Having correct participant and beneficiary addresses is important to ensure the receipt of required communications, Dietrich noted. He said a lump-sum distribution can be 10% to 40% less costly for a plan sponsor than an annuity purchase, so sponsors want to get the highest take-up rate they can because it will save the plan meaningful dollars in an annuity purchase. “If you don’t have the right address, the participant can’t take a lump sum, so you will either have to include that person in the annuitization of liabilities or hand that person over to the PBGC [Pension Benefit Guaranty Corporation],” he said.
In addition, missing or unresponsive participants will limit the number of insurance companies that will bid on a plan sponsor’s liability, resulting in less choice and potentially higher costs, Dietrich said.
Knowing participants’ locations can save plan sponsors on PRT costs another way, Dietrich explained. “Over time, insurance companies and other data miners have gotten better at estimating how long participants will live.
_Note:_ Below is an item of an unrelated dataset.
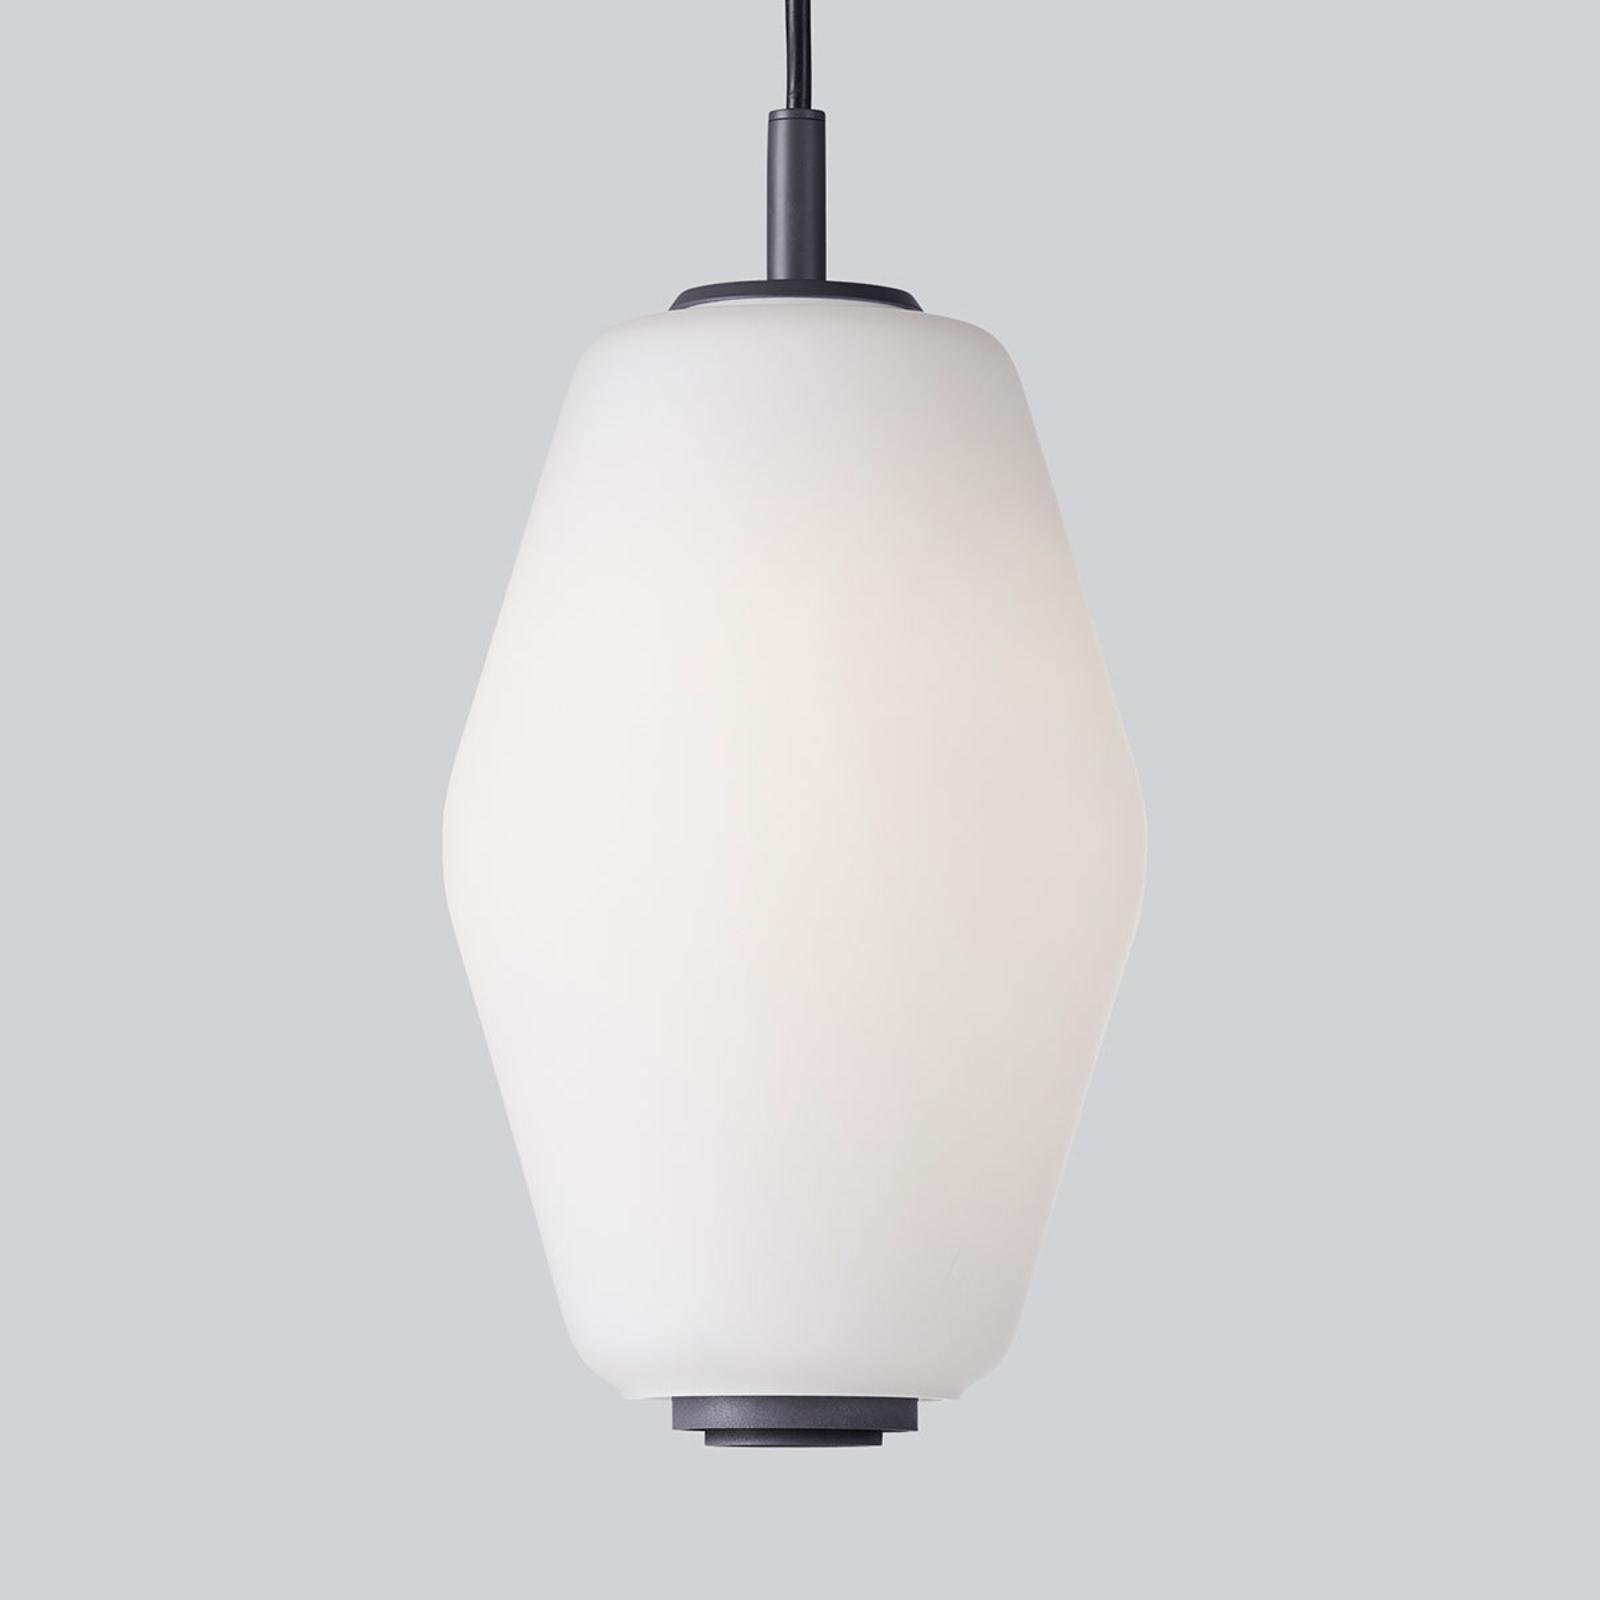 Northern Dahl hanglamp small donkergrijs

That comes into play with the price to purchase an annuity—insurers will estimate how long they will have to insure liabilities,” he said. “Today, insurers look at life expectancy on a more granular basis using [a participant’s] ZIP code or ZIP+4. Having that data will improve the costs for annuitizing liabilities. The less information insurers have, the more conservative they will be, which will cost more for plan sponsors.”